So I talked about using least-squares to estimate a channel at the receiver of a communication system, given some known training sequence. Now I have code to put it into practice. The code will be posted below, but I’ll start with an explanation of what I have done first up here before delving into the details after the code.

So the code can be broken up as follows. First, I generate a channel of some random values. I generate some Rayleigh fading values using a Gaussian number generator (by the way, I make no claims as to how realistic or unrealistic this channel is, I’m just using it to prove that the estimation deal works. Realistic channels or even existing models for channels can be discussed some other time).

Next, I generate a pseudonoise training sequence of +1 and -1 values that I would send through my communication system. Realistically, I would use a Gold sequence, or a Barker sequence, some special binary sequence that guarantees good properties for synchronization purposes, but I just randomly generate a binary sequence here.

I apply the communication model we discussed before, where the received signal is $y[n] = \sum_{l=0}^{L} h[l] x[n-l] + v[n]$ , where h is our discretized channel, x is the sent signal, and v is additive white Gaussian noise.

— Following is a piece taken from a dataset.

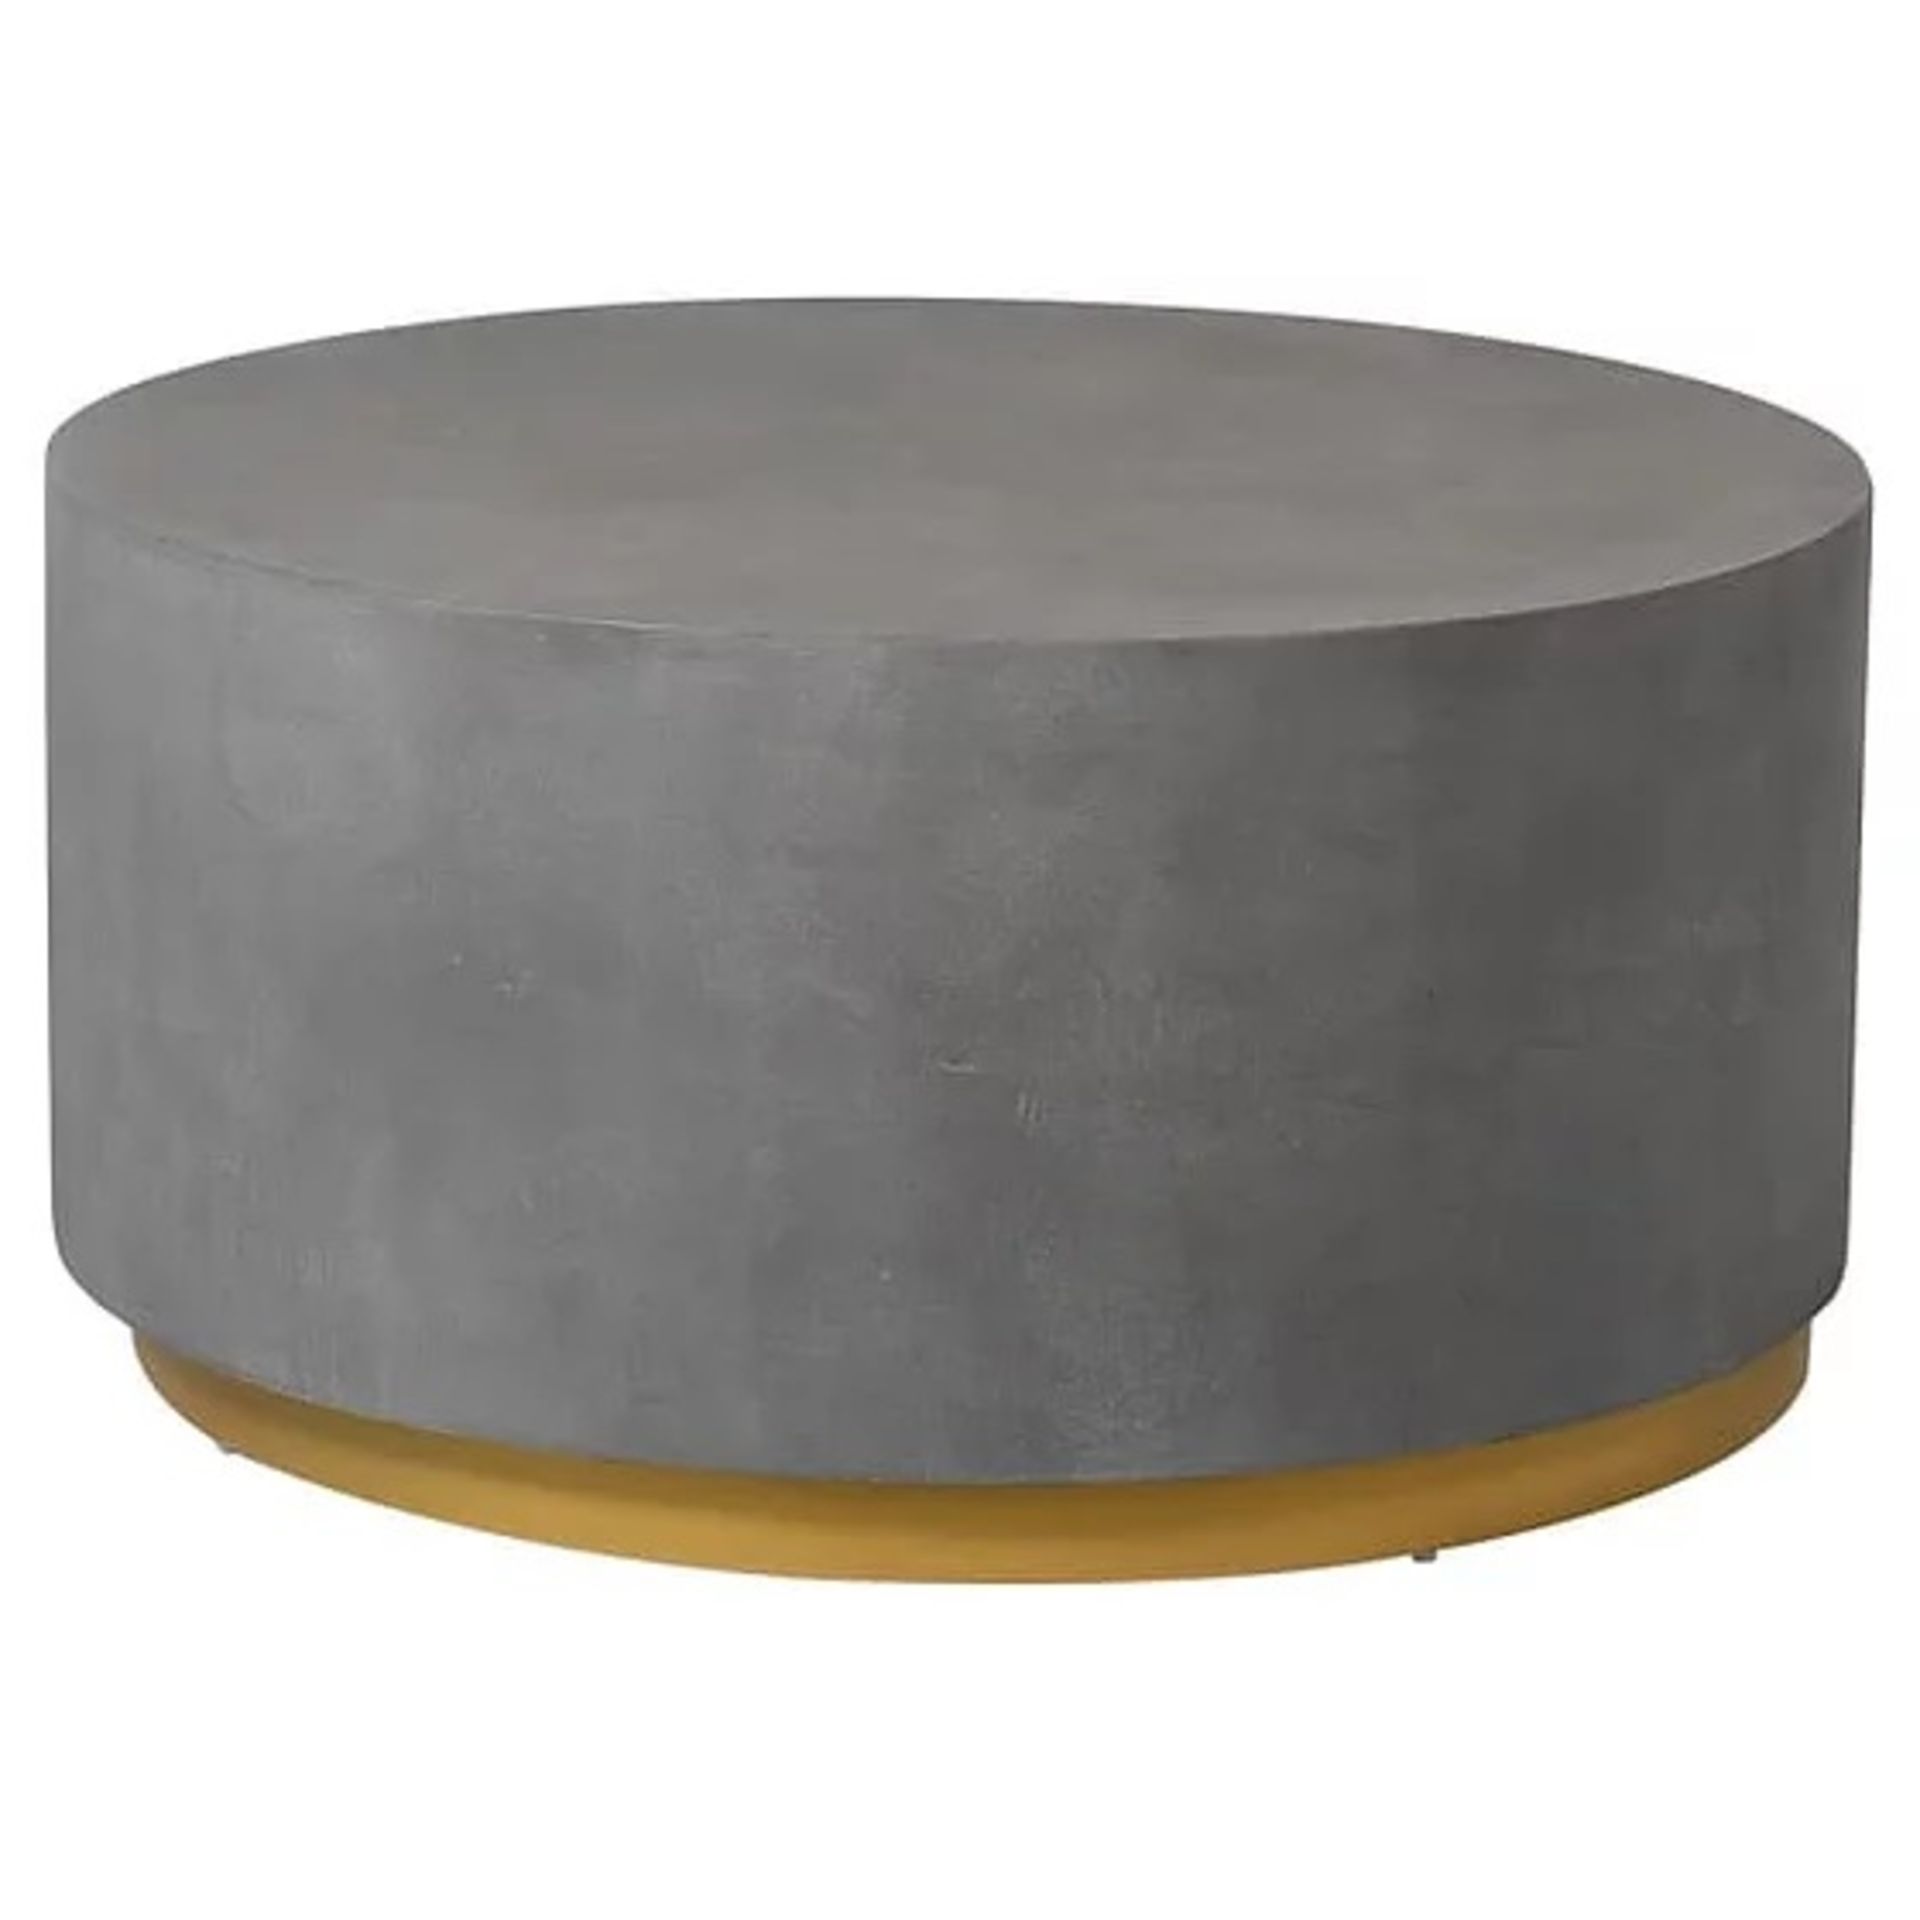 1 x Round Coffee Table With Concrete Effect Finish and Gold Base - RRP £455 - NO VAT ON THE HAMMER!

Now the fun begins. I estimate the channel using least squares exactly as I had modeled in my previous post, creating a Toeplitz matrix using known training values and forming a “b” vector out of actually received values. I use this estimated channel to find an equalizer that best cancels it out by forming a Toeplitz matrix using the estimated channel, and having a Kronecker delta vector for the “b” vector. Finally, I form a Toeplitz matrix out of received values, form a “b” vector out of known training values, and solve for an equalizer directly. Two steps is definitely not better than one when there’s noise to be accounted for.

So here’s the code.

import numpy as np
import matplotlib.pyplot as plt
import scipy.linalg as la

# parameters go here
L = 5 #length of channel
Lf = 8 #length of equalizer
Nt = 22 #length of training sequence
noise_pwr = .01 #AWGN variance
nd = np.floor((L+Lf)/2.0)

# generate channel, random Rayleigh variables
h = np.random.randn(L) + 1j*np.random.randn(L)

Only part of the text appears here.